§ **Task details**
Omit the pictures and return every entry exactly as written.

§ **Input**
- - - - - - -
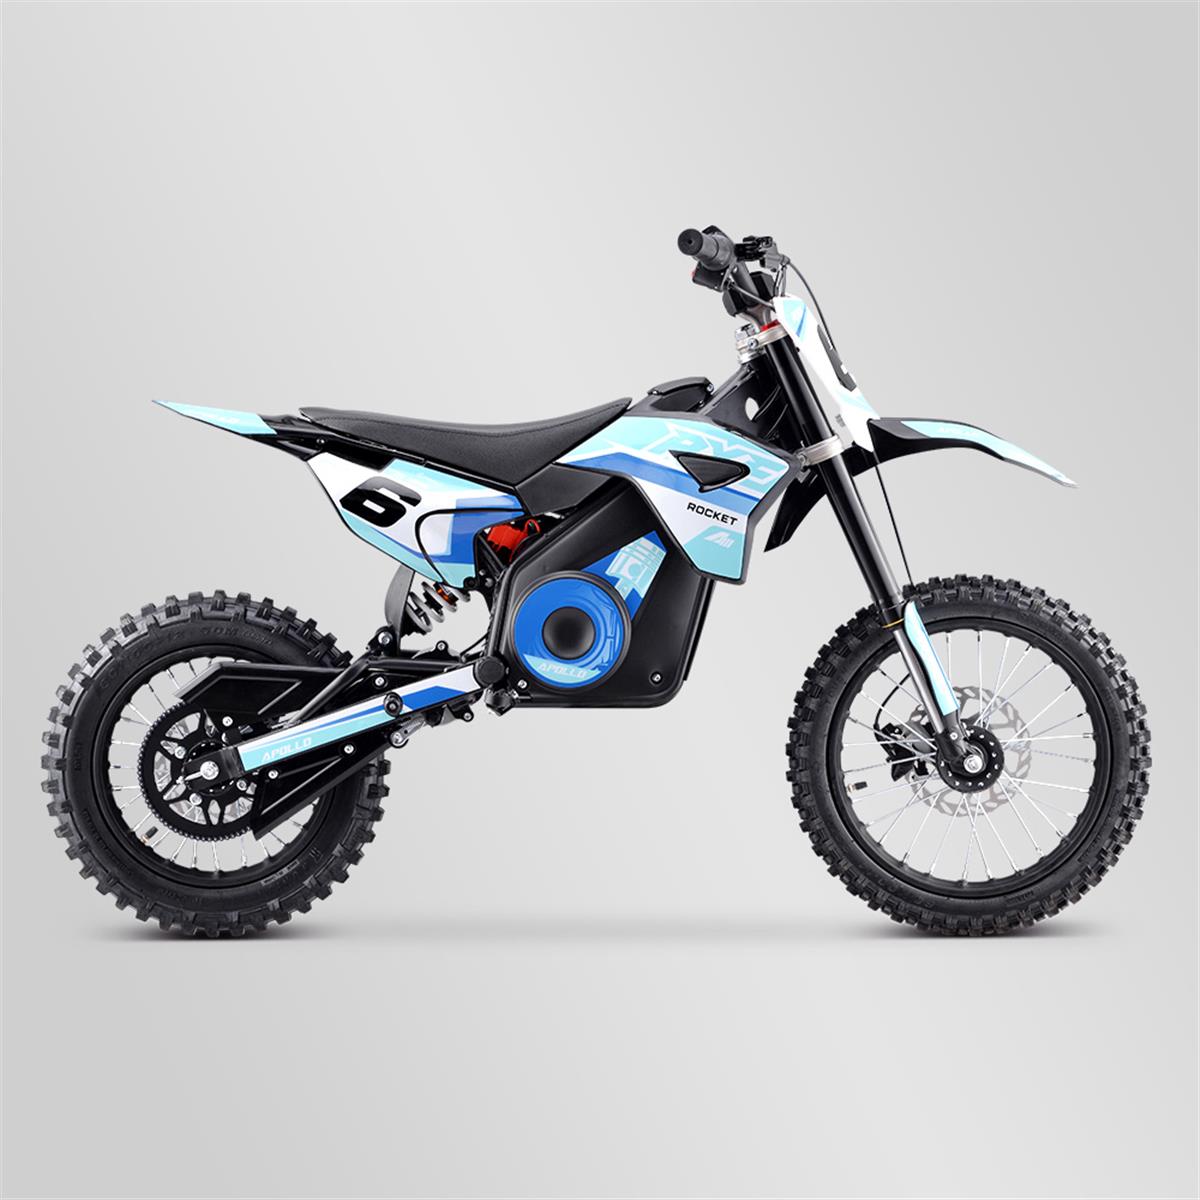 dirt-bike-enfant-apollo-rxf-rocket-1300w-2021-6-bleu
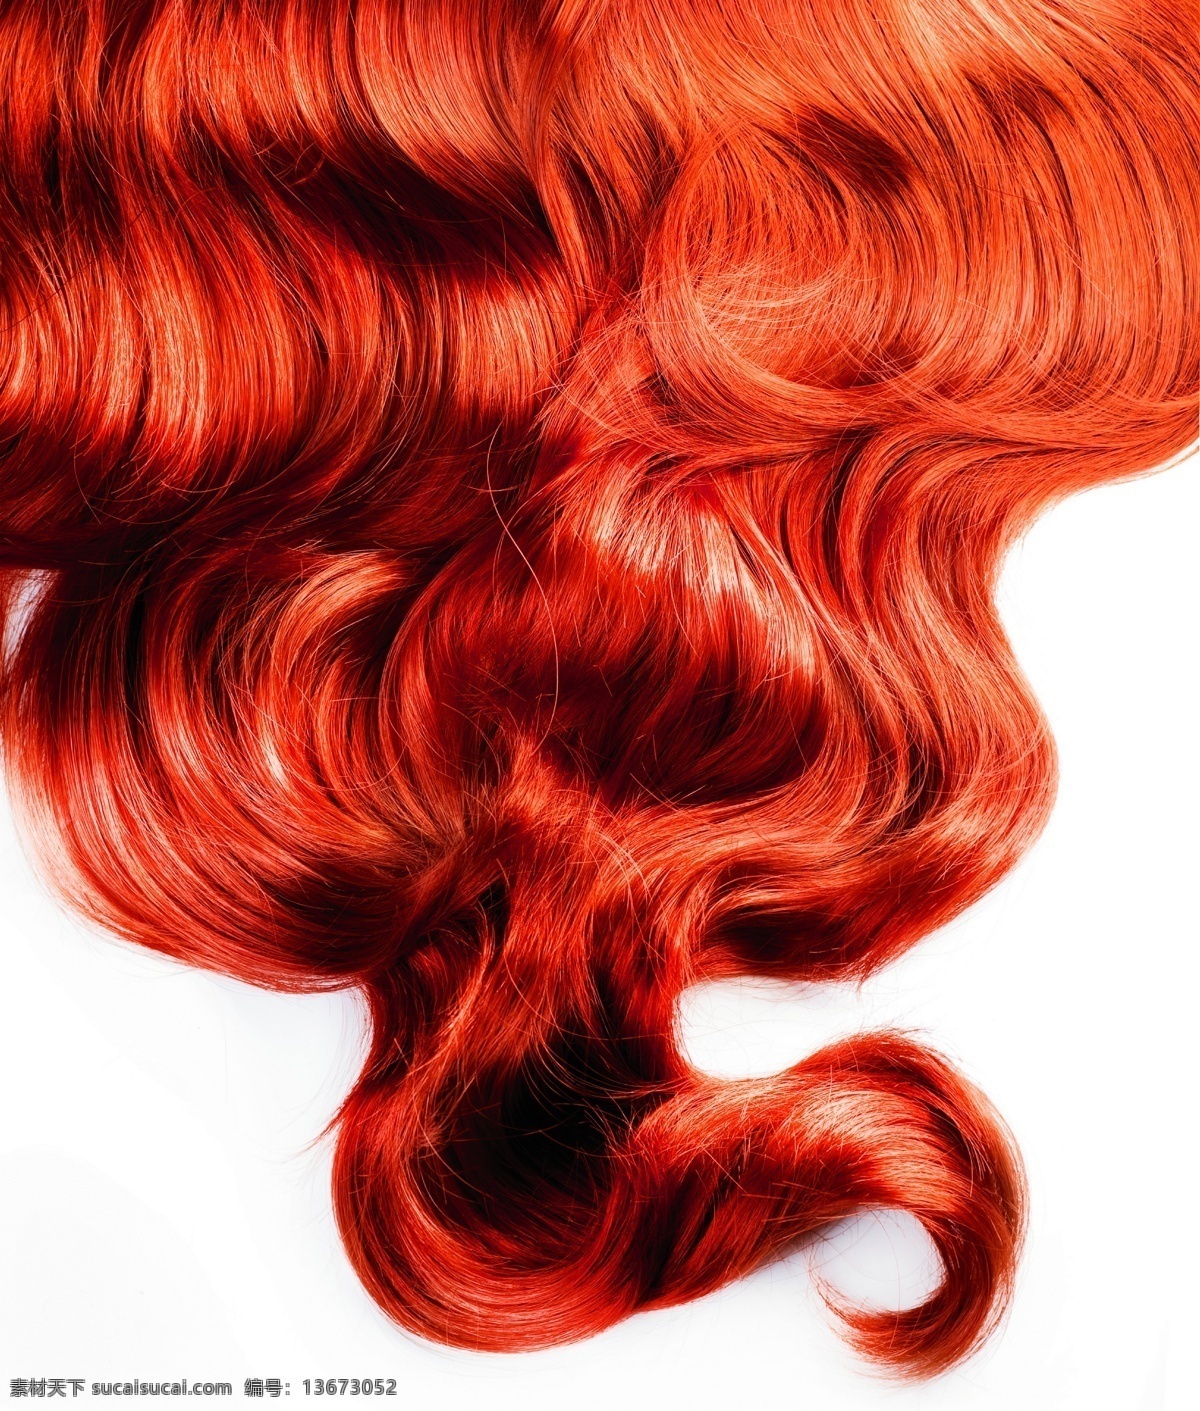 红色 头发 发丝 头发纹理 柔顺的头发 女性头发 头发背景 背景底纹 红色头发 人体器官图 人物图片
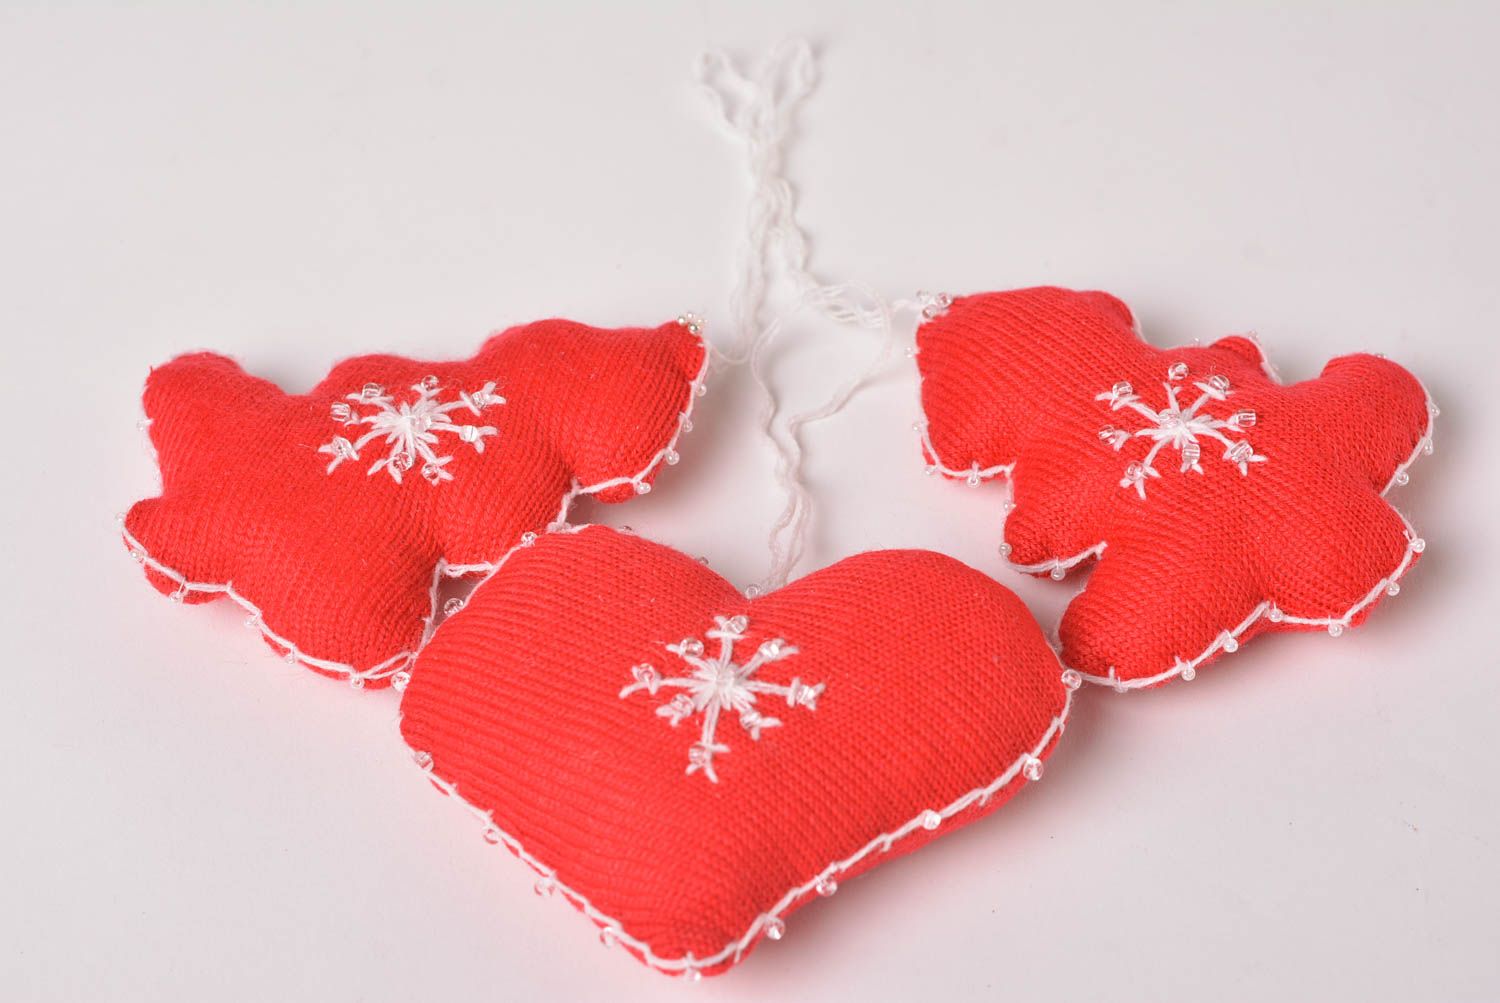 Décorations pour sapin de Noël faites main 2 sapins et coeur rouges Déco Noël photo 3
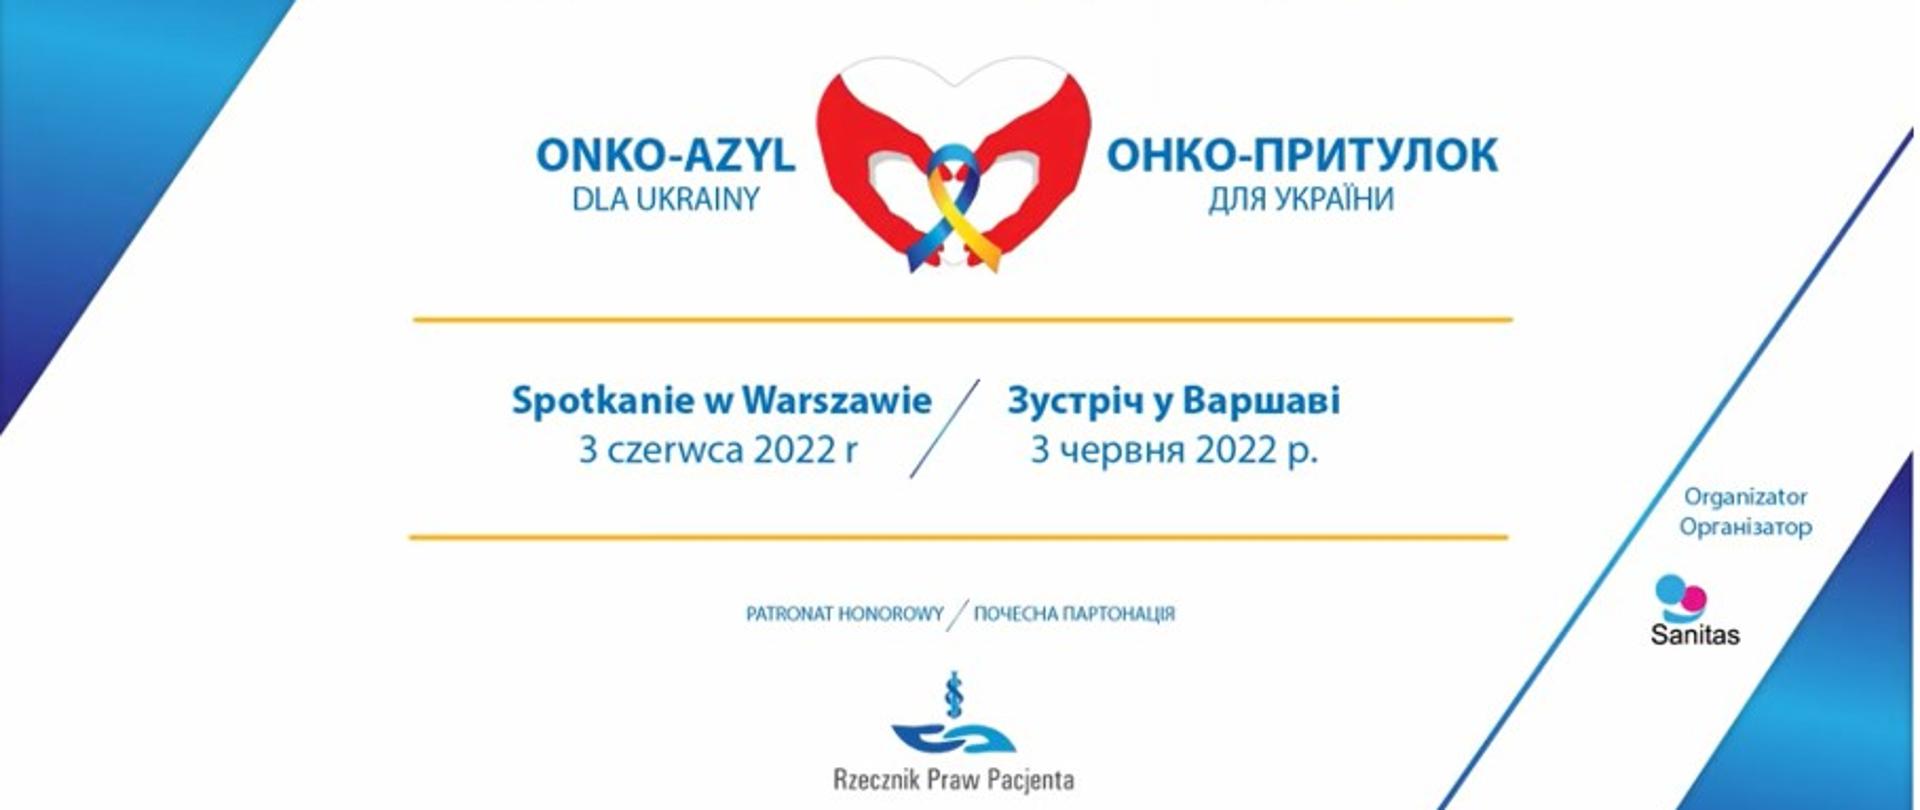 Onko-Azyl dla Ukrainy
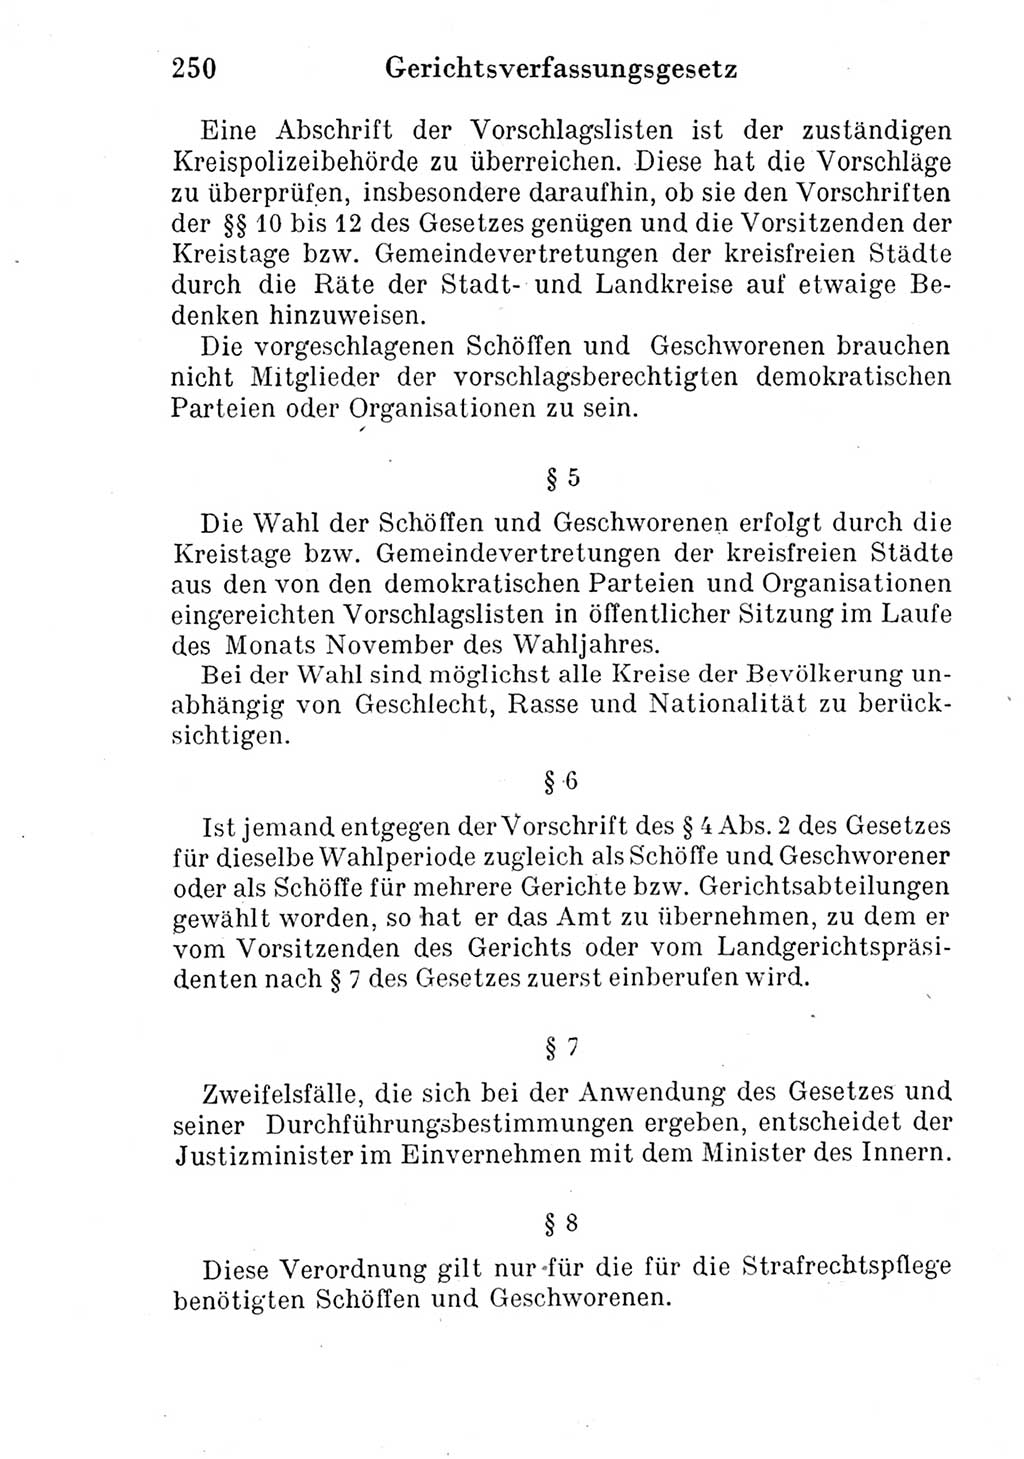 Strafprozeßordnung (StPO), Gerichtsverfassungsgesetz (GVG) und zahlreiche Nebengesetze der Deutschen Demokratischen Republik (DDR) 1950, Seite 250 (StPO GVG Ges. DDR 1950, S. 250)
- - - - - - -
§ **The completed task**
 dirt-bike-enfant-apollo-rxf-rocket-1300w-2021-6-bleu
 红色 头发 发丝 头发纹理 柔顺的头发 女性头发 头发背景 背景底纹 红色头发 人体器官图 人物图片
 Décorations pour sapin de Noël faites main 2 sapins et coeur rouges Déco Noël photo 3
 Onko-Azyl dla Ukrainy
 Strafprozeßordnung (StPO), Gerichtsverfassungsgesetz (GVG) und zahlreiche Nebengesetze der Deutschen Demokratischen Republik (DDR) 1950, Seite 250 (StPO GVG Ges. DDR 1950, S. 250)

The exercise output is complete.